Christina E. Pilz says
Grim quest for fun? That’s it exactly, you said it just right with that word. Because that’s what bucket lists are – GRIM.
Kathleen says
I never thought about the phrase “bucket list” one way or another before I helped a friend clean out the house of one of her friends who had passed away. Karen T. died in her early 50s, and her elderly father had requested help in packing up her belongings. I didn’t know her all that well, but I was willing to help pack up kitchen items, bookshelves, video tapes, etc.
We finally got to a file cabinet full of magazines, with some miscellaneous paperwork.
There was a yellow legal pad in there with what was clearly her bucket list. She hadn’t crossed anything off. She’d put check marks besides the things she’d accomplished. And she accomplished a lot, including walking on the Great Wall of China.
I have no idea really if she felt she was just “marking off” things. But finding that list, and reading off all the things she accomplished in her too-short life was like a wake. Her friends, some of whom had accompanied her on trips, began sharing memories, and I learned so much more about her from the people who knew her the best.
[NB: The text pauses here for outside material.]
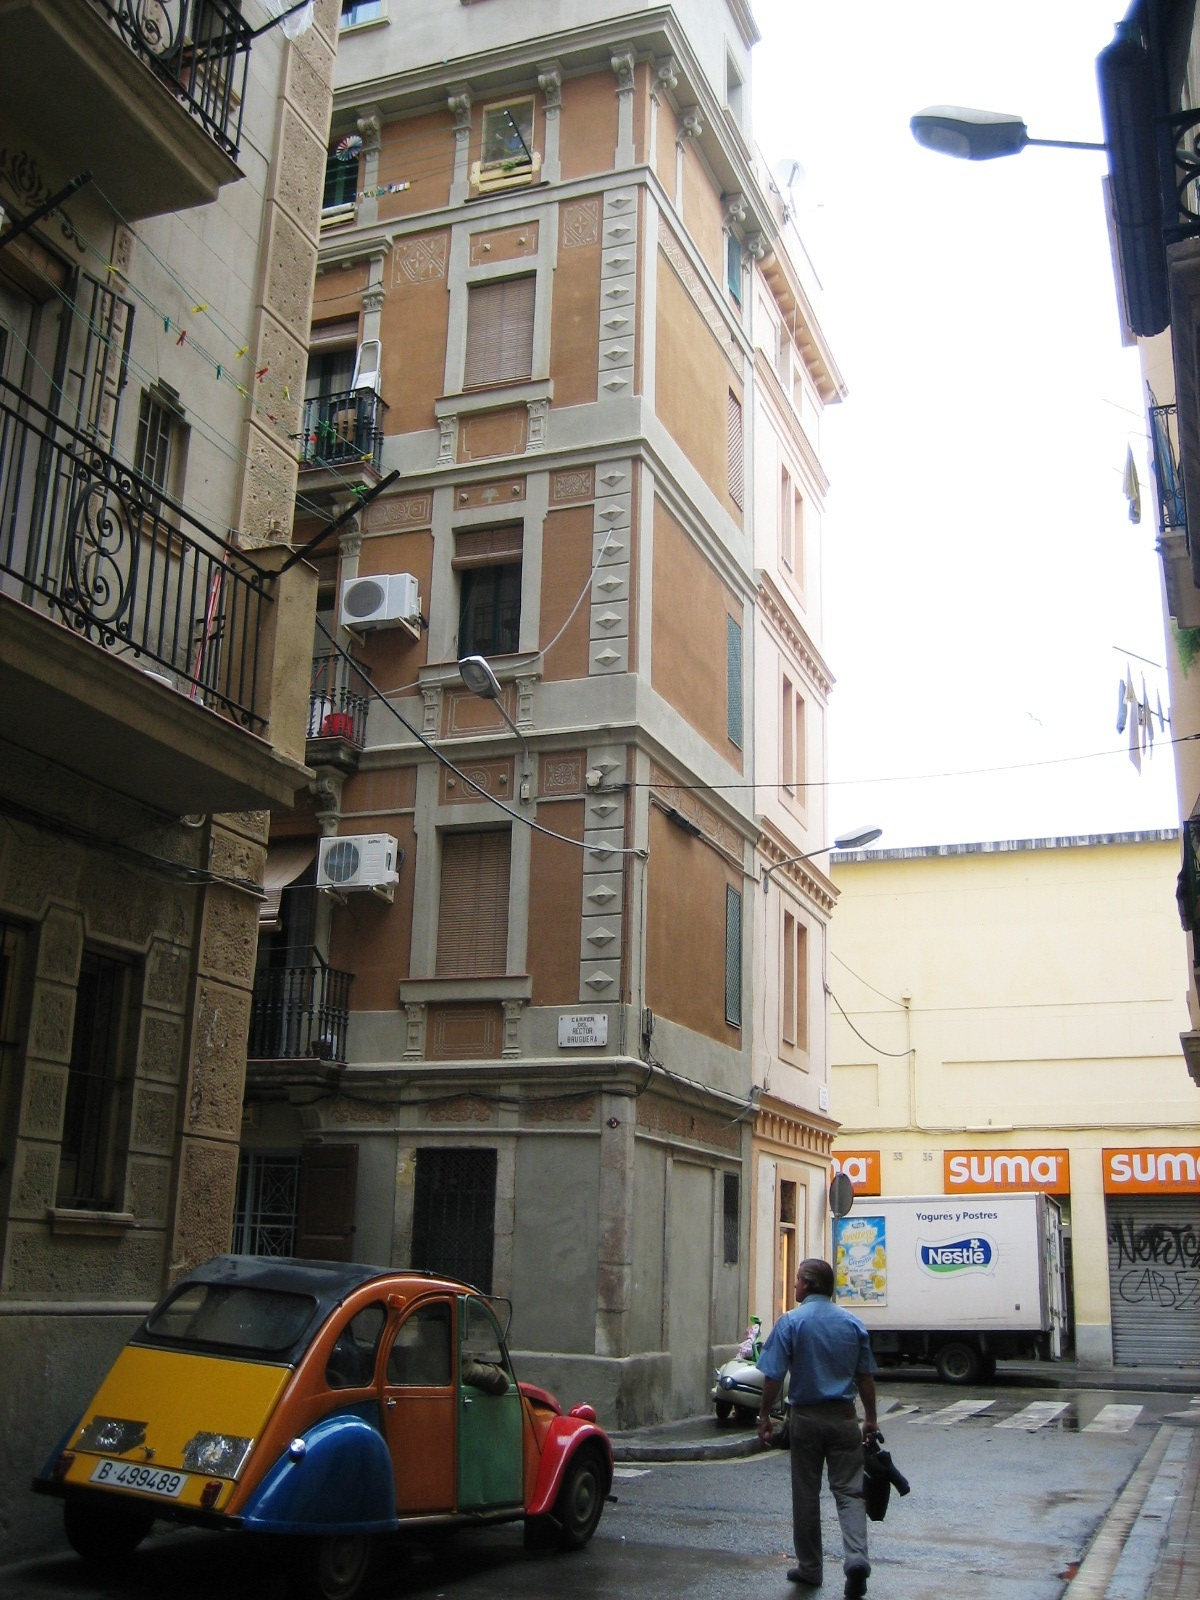 Une 2CV dans les rues du quartier de Barcelone : La Barceloneta
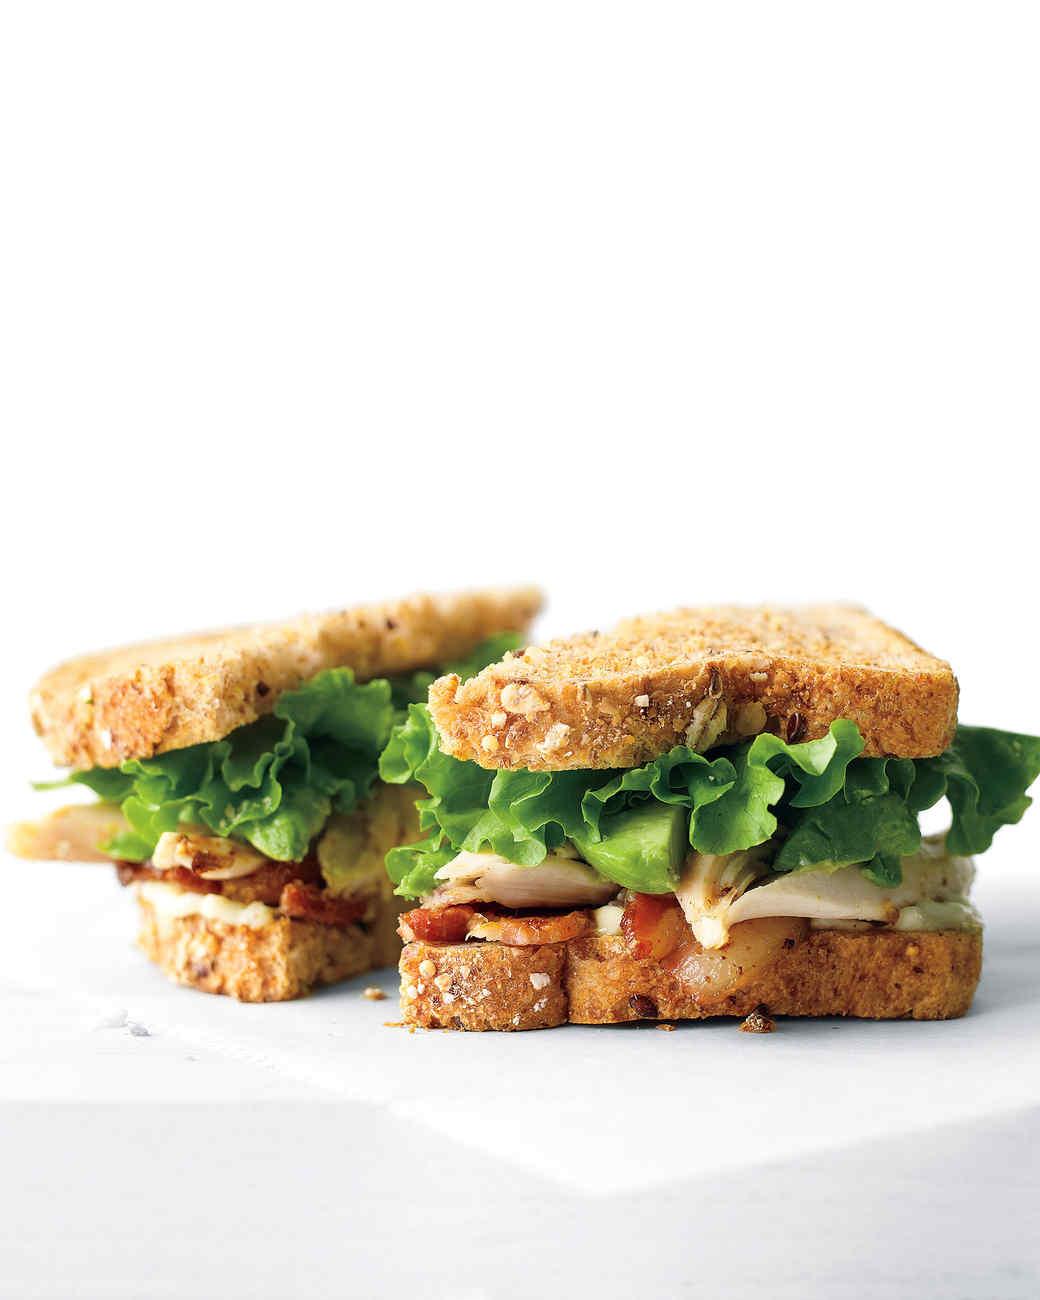 Chicken, Avocado, and Bacon Sandwich

As for myself, I never made a bucket list. But, I’ve known from a young age there would come a time when it would be too difficult for me to walk, so I better get in as much travel as possible at as young an age as possible. I made no lists; I went where chance and my interests took me, and I am very grateful I have all these memories now.
Christina E. Pilz says
It sounds like it was a lovely memorial; when you can get people talking at such a time, in the way that you did, that proves what memorials and wakes and funerals are for: a time to share memories and express grief and joy, all at the same time. Some memorials I’ve been to are cold events; the one where you got these guys talking sounds lovely.
Of course a bucket list is really just a list of things someone wants to do – it’s that attitude where each item is treated like a chore, that’s what gets me. Because a chore doesn’t create memories – but going places and doing things does, like what you did, going where your interests took you.
Laura Kirwan says
It sounds like Karen got it right. She didn’t brag about it, she didn’t show it off, and she didn’t treat it like a chore. More a “things I’d love to do” list, than “things I have to do to show everyone I’ve lived a meaningful life” list.
Christina E. Pilz says
Yes, yes! It’s not about showing off, it’s about doing things that are meaningful to you, and enjoying your life while you’re at it.